- Input data
▼
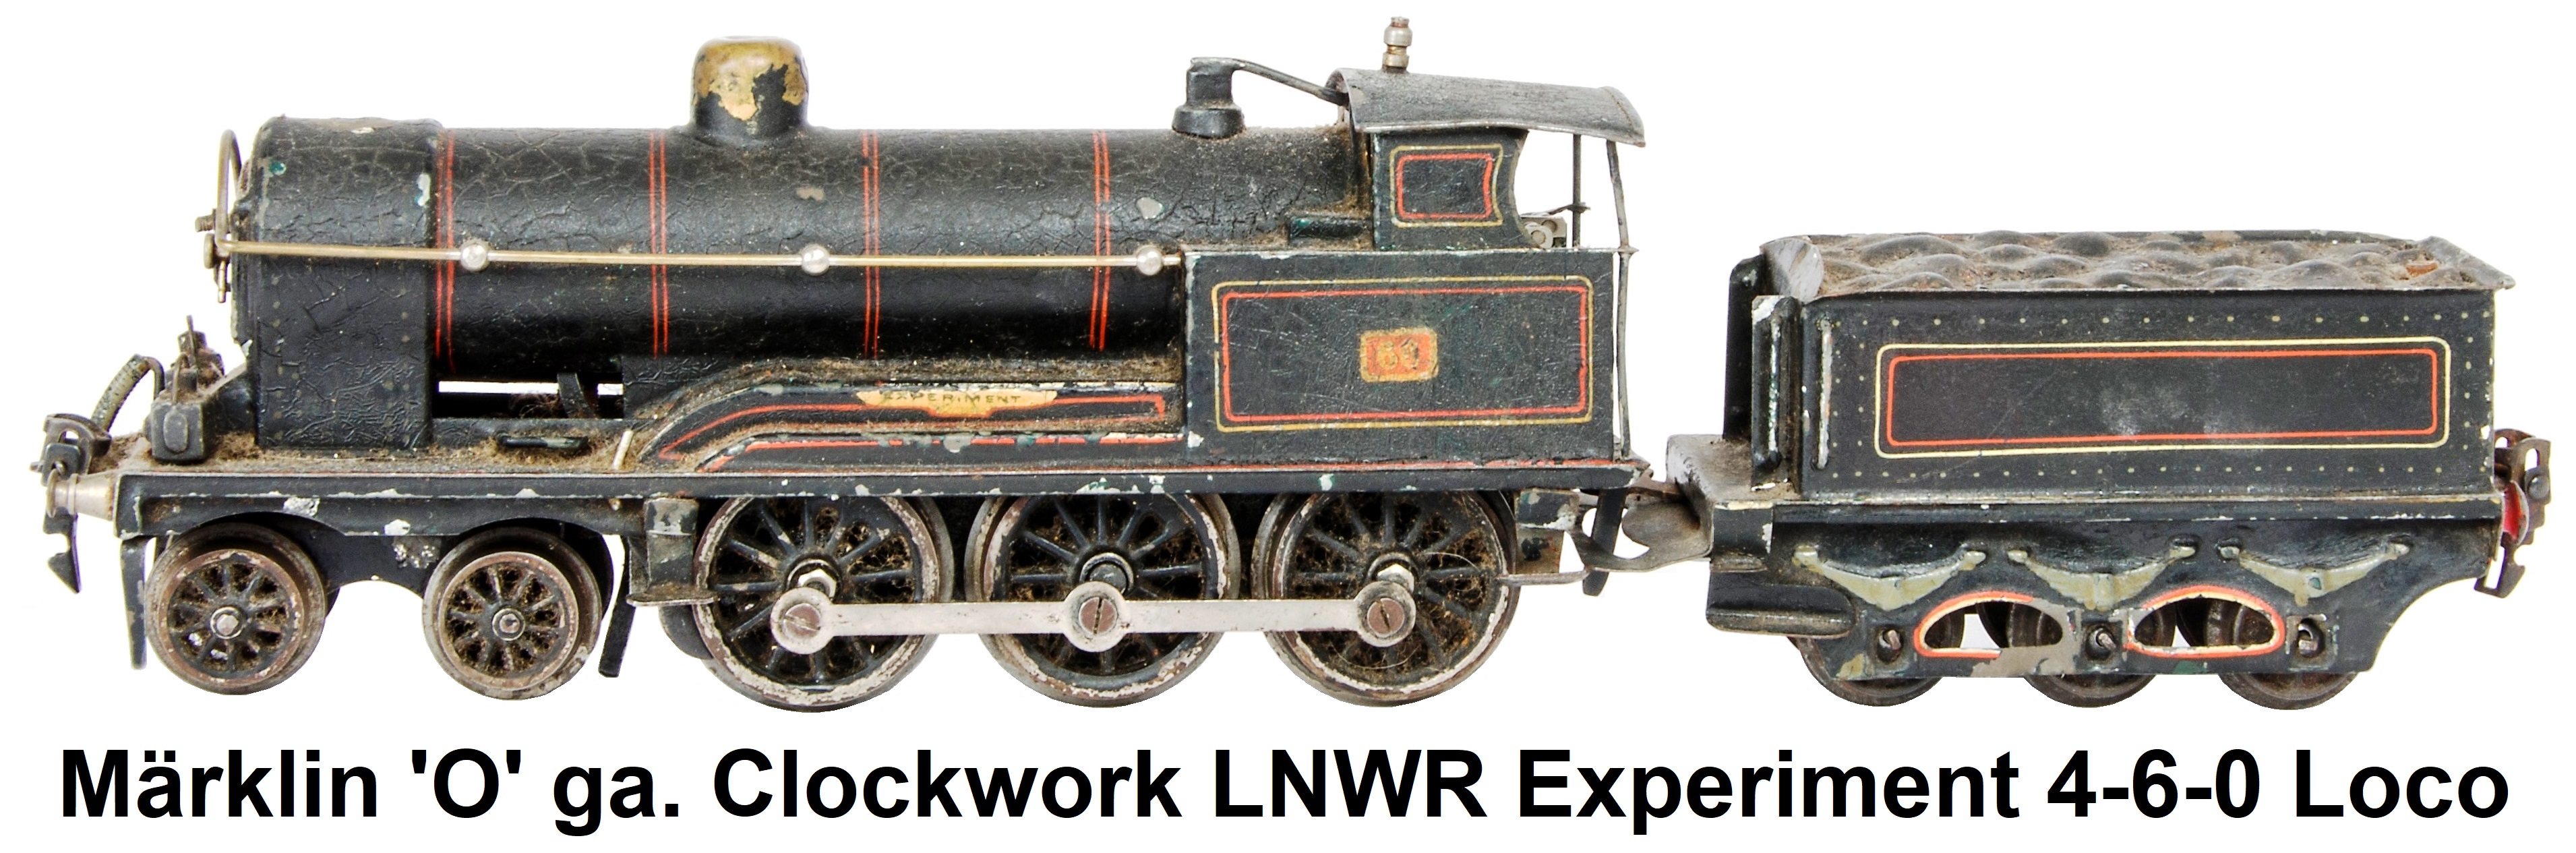 Märklin 'O' gauge clockwork LNWR 'Experiment' 4-6-0 Locomotive and Tender, in LNWR red-lined black livery
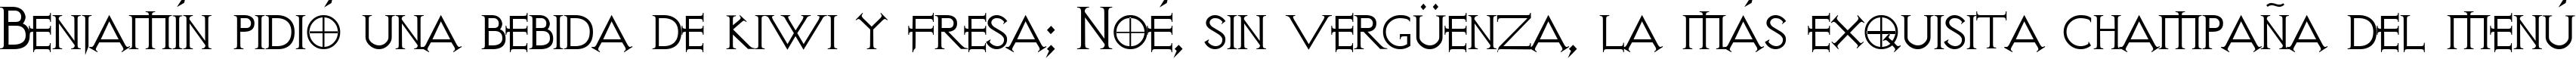 Пример написания шрифтом Visitation Regular текста на испанском
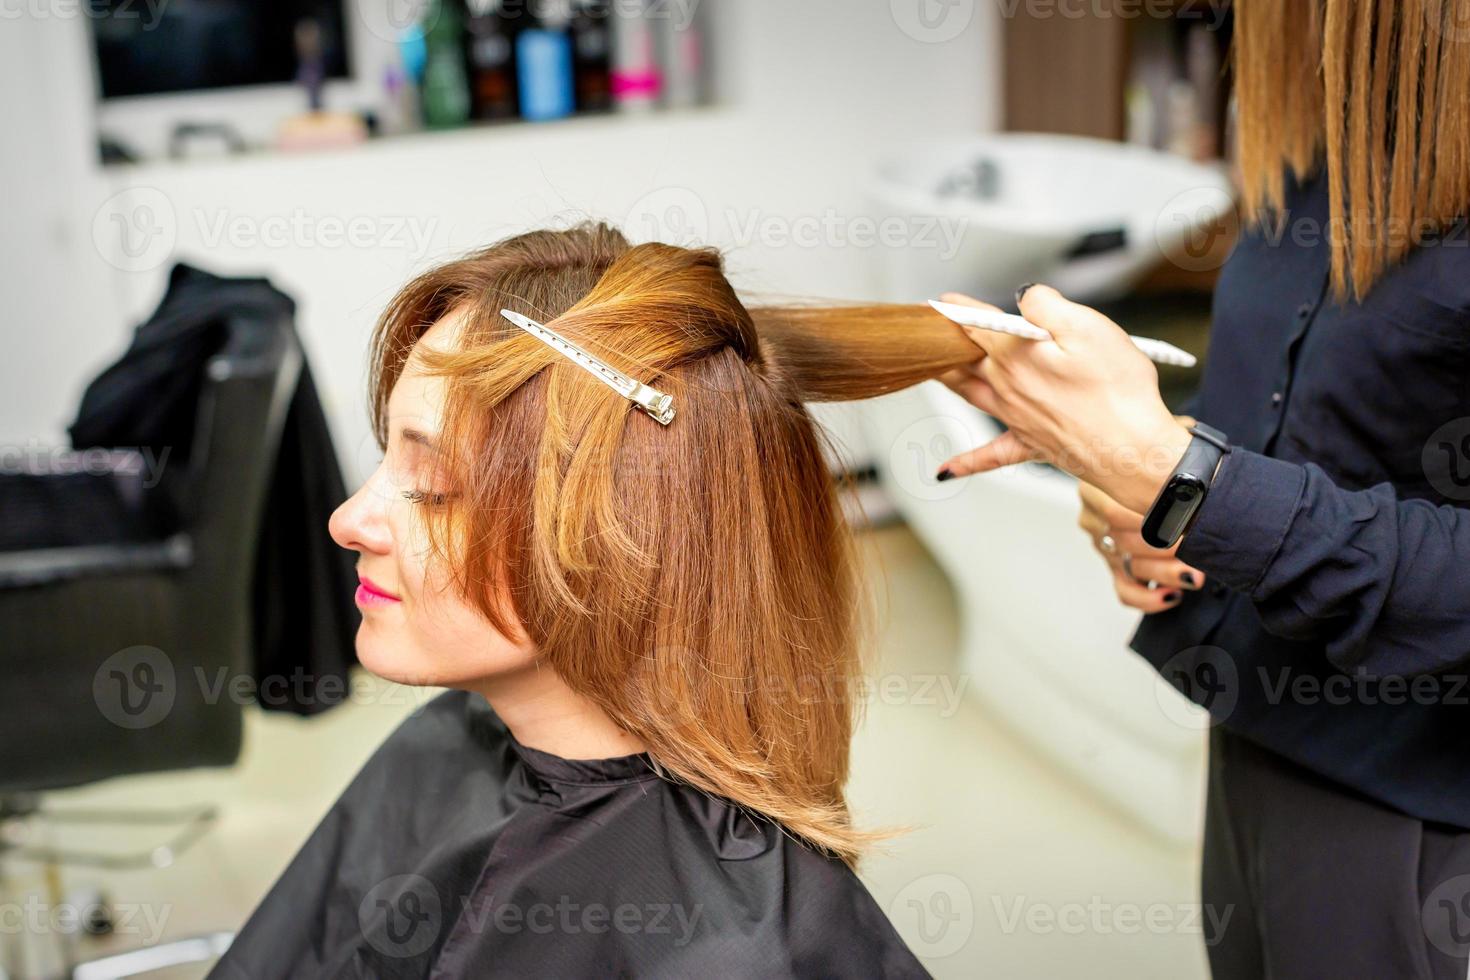 de kvinna klient tar emot en frisyr på de skönhet salong, ung kvinna njuter få en ny frisyr. foto
▲
- Work item
The lines from the one with "Пример написания шрифтом" to the end of the data above should be retyped exactly, both ends included, and pictures are to be left out.

- Task response
 Пример написания шрифтом Visitation Regular текста на испанском
 de kvinna klient tar emot en frisyr på de skönhet salong, ung kvinna njuter få en ny frisyr. foto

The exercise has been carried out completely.